私は森で引きこもっていれば多分誰もこれないだろうし
誰かきても家からでなければ…
悶々と考えていると
「父上一体いつそんな許可を得たんですか?」
「あぁ伯爵令嬢がしつこかっただろう?セルリエ家に抗議しても聞く耳を持たない。婚約者だと吹聴してまわっていたから陛下に手紙を送ったんだよ。セルリエ家は婚約してないのに嘘を吹聴してまわっているから迷惑だとね。ユーグは好きな女性を口説いている最中なのに上手くいかなかったら身分を捨てるかもしれない。私の子供がいなくなるような事はないよね?ってね。」
それだけであんな許可がでるの?
バジル様何者?
ってユーグさん口説いている人がいたんだ。
やっぱり婚約はダメだよ。
「あのやっぱり婚約は…」
言っている途中で被せるように
「俺は誰も口説いていないんだけど?」
「いいんだよ。令嬢が邪魔して上手くいかなかったと言えば済む事だろ。ショックで一生独身でいるって事にしてもよかったし。それに婚約者ができたら口説き落とした。ベタ惚れで浮かれてるってことにできるからね。どっちにしろ困らないだろう?実際に婚約者ができたんだ。よかったじゃないか。」
口説いている人いないんだ。
ほんとにいいのかなぁ。
私はもちろん囲われたくない。だけど私と婚約してもユーグさんにメリットはないよねぇ。
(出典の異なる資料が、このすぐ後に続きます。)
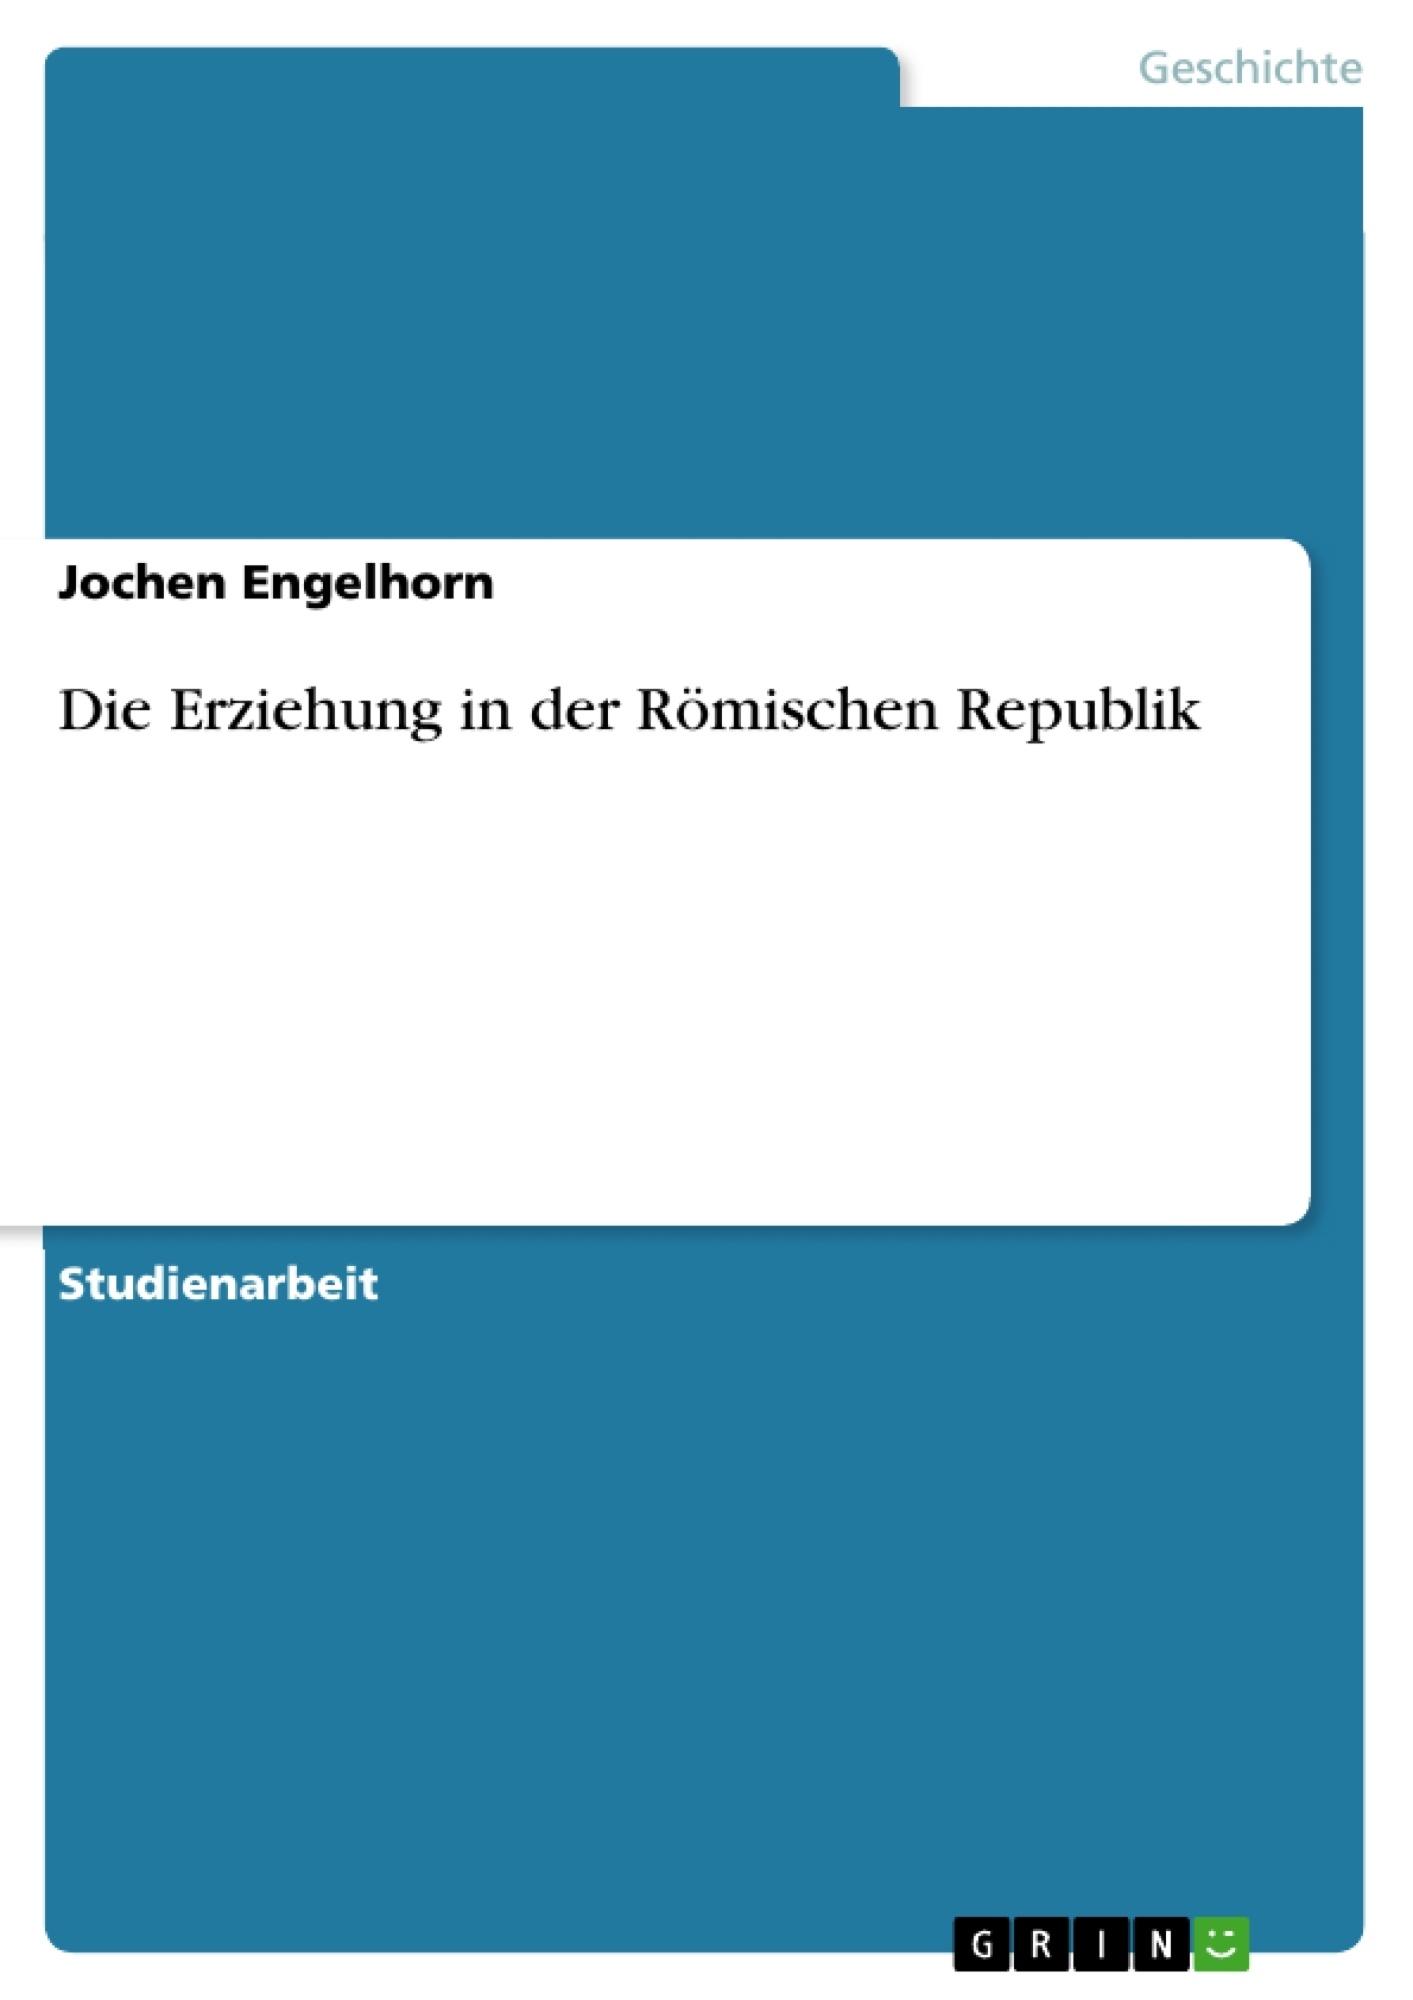 Titel: Die Erziehung in der Römischen Republik

「ユーグさん…じゃなくてユーグ様いいんですか?そんな簡単に決めてしまって。私は助かるけどユーグ様にメリットがないですよね?」
「様づけなんてやめてくれ。今まで通り呼んでくれればいい。俺はリリーと一緒にいられるからいいんだ。気にしないでくれ。」
「じゃあもし他に好きな人ができたらすぐに言って下さいね。」
そんな事を言いながらも胸が少し痛んだ。